The Ministry of Justice subsequently accused officials in the Ministry of Finance and Prime Minister Saito’s cabinet members of conspiring with the Bank of Taiwan to allow the Banchokai to buy the shares at low prices in return for cash and stock bribes. In 1934, the Minister of Finance, the Director of the Bank of Taiwan and the President of Teijin were arrested. Following this, Prime Minister Saito had to dissolve the government on 3 July 1934.
Ichiro Ozawa, kingpin of the ruling Democratic Party has recently been embroiled in a funding scandal alleging that he took bribes from construction firms to invest in property.
Known as the “Shadow Shogun” in Japan, he claims that he is innocent. In question is a $4 million plot of land bought in 2004 by Mr Ozawa’s political fundraising organization. Prosecutors are still investigating how the party sourced such a large sum of money. Reports suggest involvement of construction firms seeking public contracts. The scandal is likely to have major implications on the political future of Japan’s Prime Minister Yukio Hatoyama, who has resigned recently.
Japan’s agriculture minister Toshikatsu Matsuoka committed suicide after being embroiled in a political scandal where he was charged with manipulating the utility costs of his parliamentary office. He took to the drastic measure after being subject to questioning in the parliament.
In 2007, it was alleged that Matsuoka had claimed $236,600 in utility costs even though his rented parliamentary office offered utilities free of cost. He was also accused of not declaring $8,500 in political donations.
In this shocking incident, close to two thousand haemophilia patients in Japan contracted HIV after using non-heat treated blood products. The Health Ministry was criticized for not introducing heat-treated blood products that prevented spread of infection. After the incident, high-ranking officials in the Ministry of Health and Welfare were charged with involuntary manslaughter.

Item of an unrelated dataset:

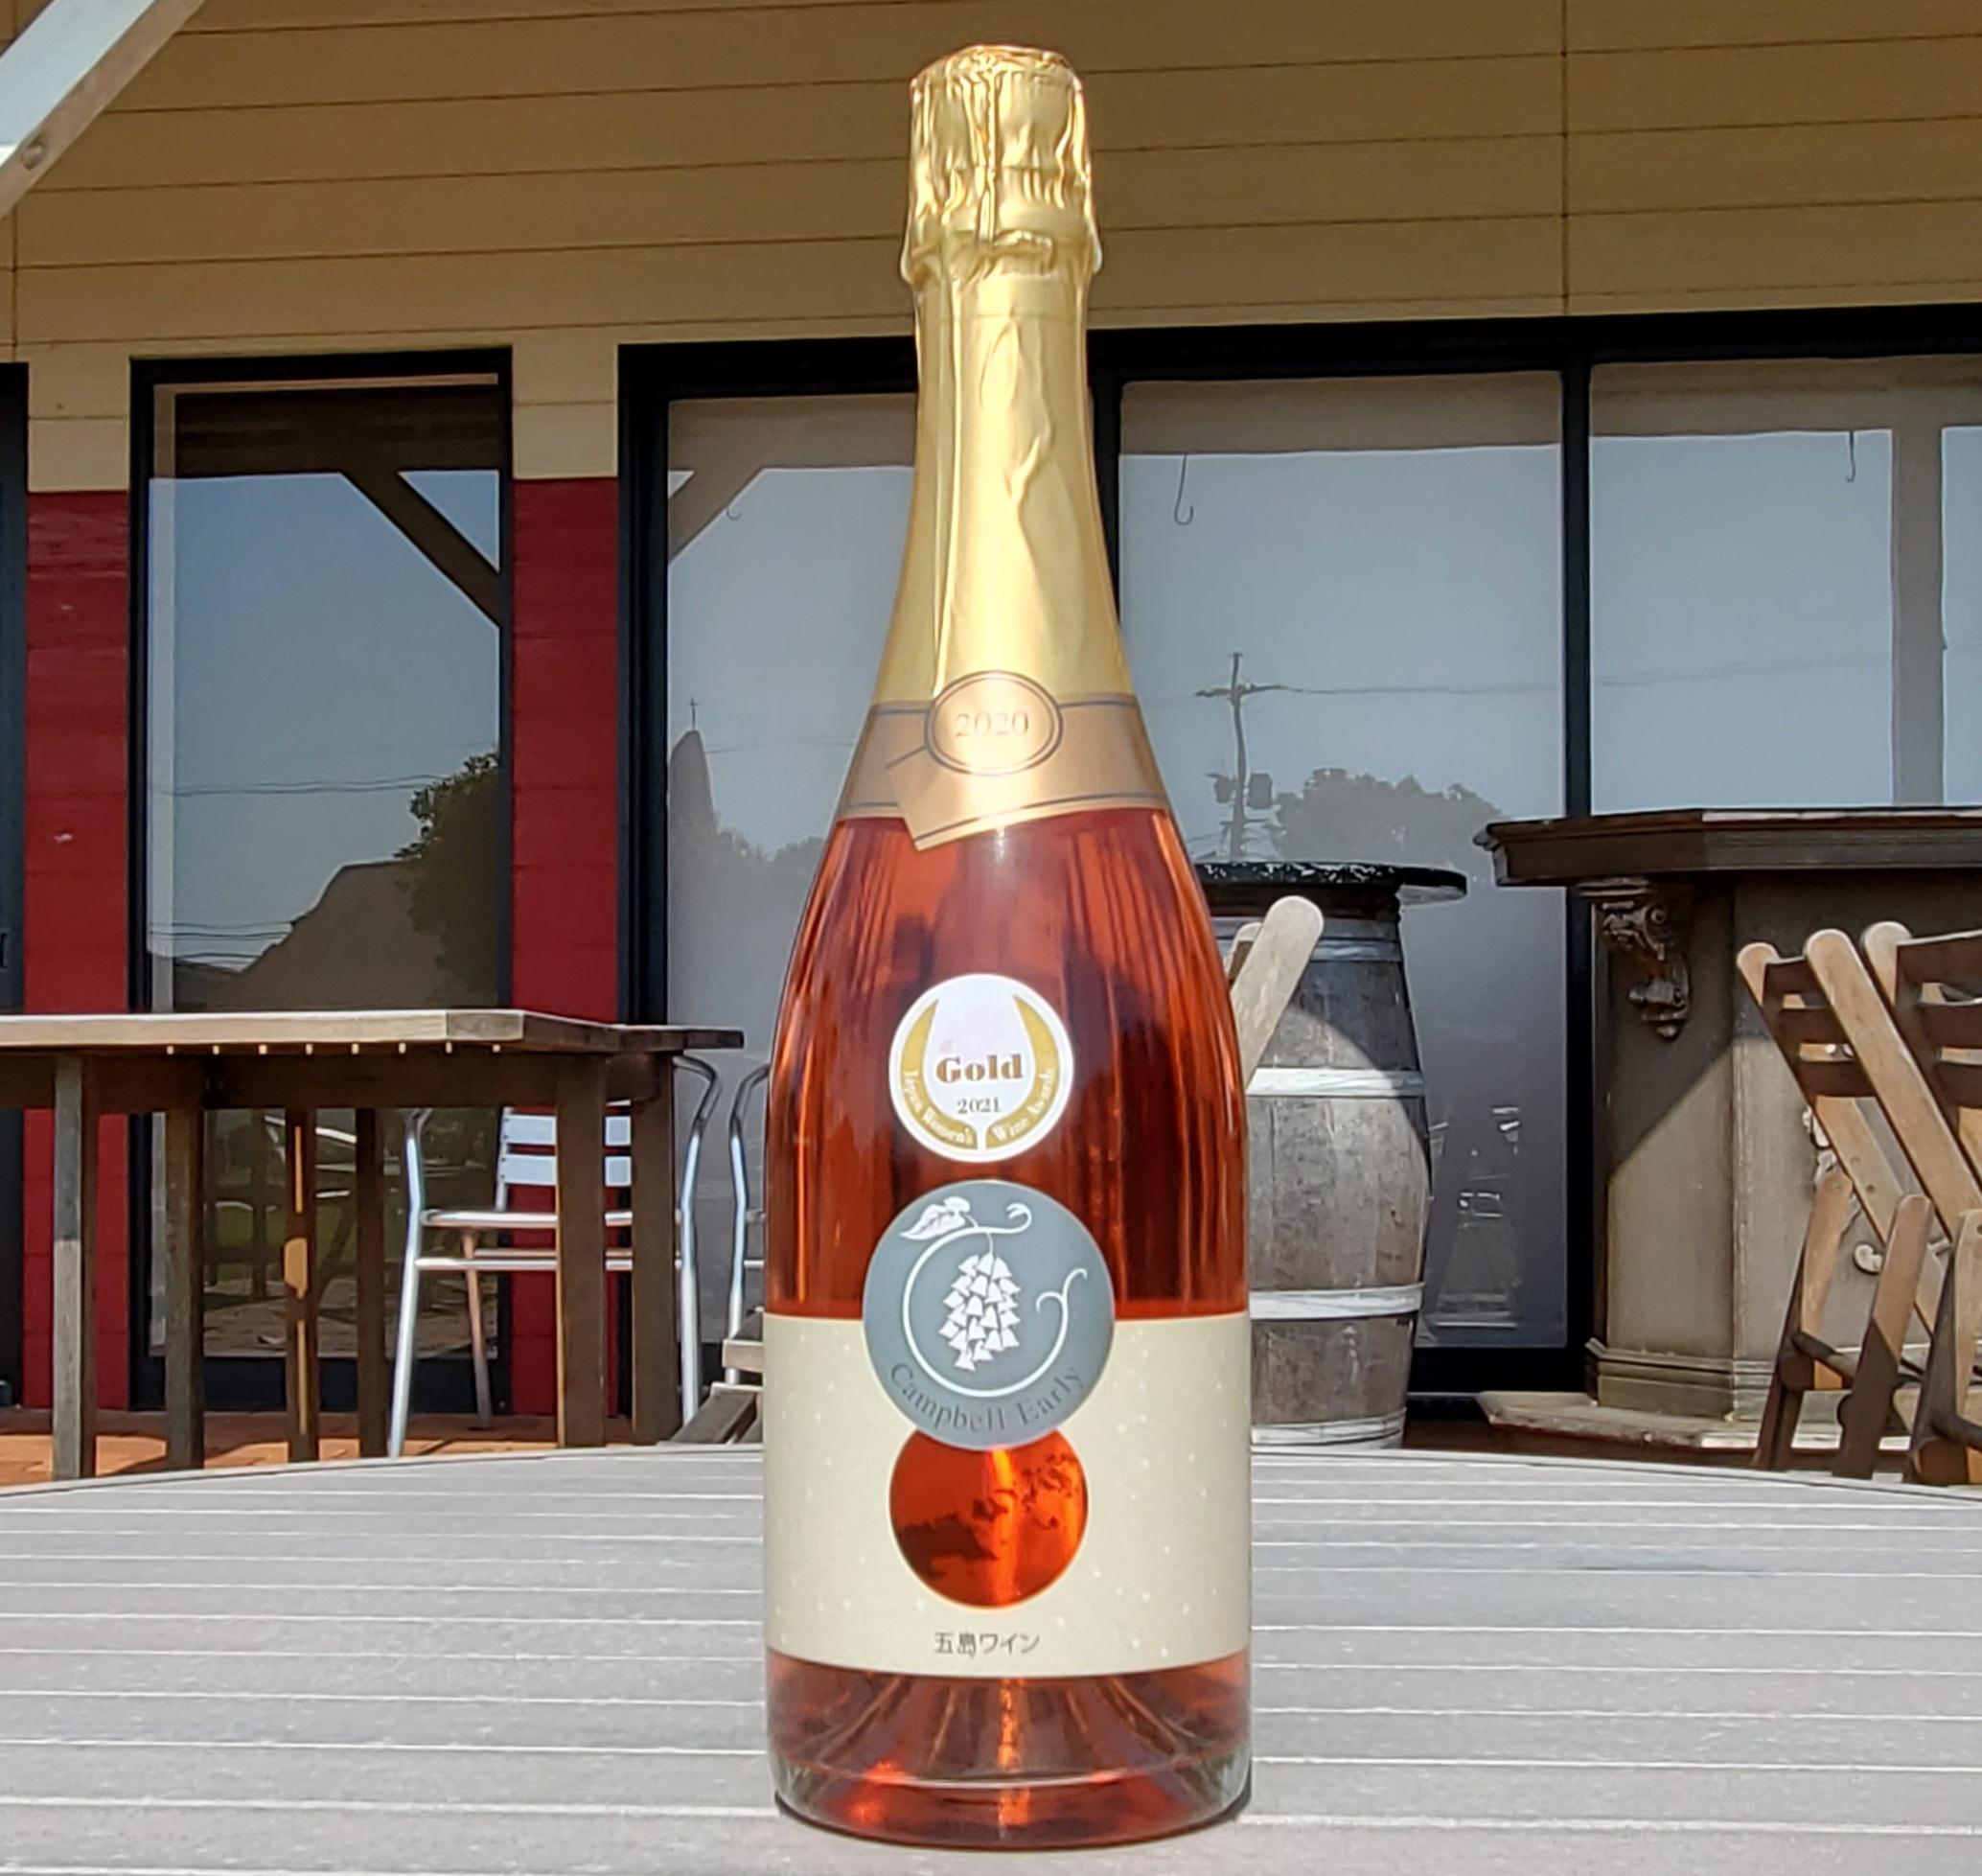 ★スパークリングワイン キャンベル・アーリー2020の追加予定について

In 1989, the HIV-infected hemophiliacs in Osaka and Tokyo filed lawsuits against the Ministry and five Japanese drug companies. The head of the Health Ministry’s AIDS research team, Dr. Abe Takeshi was also tried but found not guilty in 2005.
This is a corruption scandal in the 80’s involving Recruit, a Tokyo-based human resources company and many high-profile Japanese politicians. Chairman of Recruit Hiromasa Ezoe offered senior politicians a number of shares in its subsidiary, Cosmos, shortly before Cosmos went public in 1986. Following the initial public offering, Cosmos’s share price shot up and those involved made profits up to 66 million yen each.

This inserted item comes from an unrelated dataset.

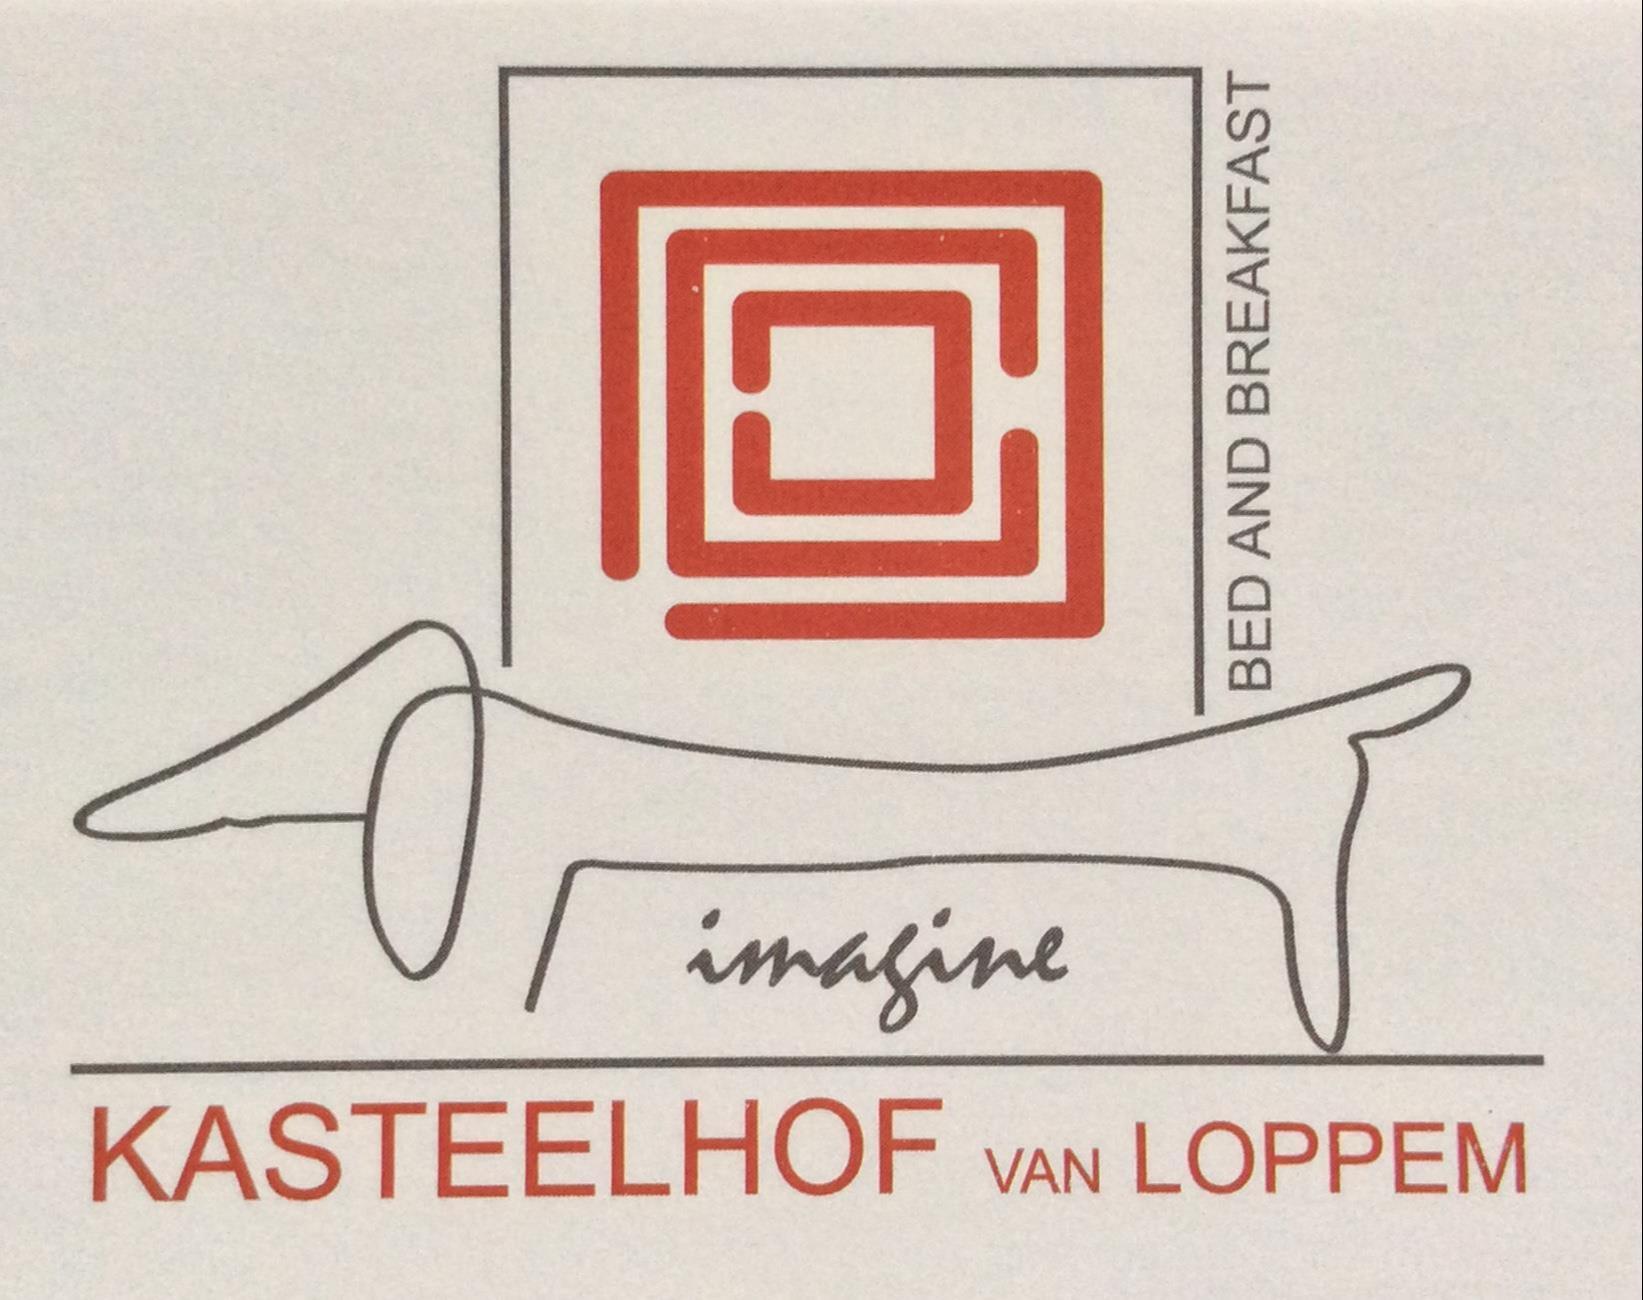 Kasteelhof Van Loppem

Among the politicians involved in the scandal were Prime Minister Noboru Takeshita, former Prime Minister Yasuhiro Nakasone and Chief Cabinet Secretary Takao Fujinami. Members of Takeshita’s cabinet were forced to resign after the incident became public.
Political scandals in Japan time and again have revolved around fraud, money laundering and election funding. Prime Minister Yukio Hatoyama’s approval ratings dipped after he had to face humiliation in a political funding scandal. It is high time that Japan’s politicians focus their energies on solving the country’s debt woes instead of indulging in corruption for personal gain – do you think the future Japanese politicians will come clean and honest?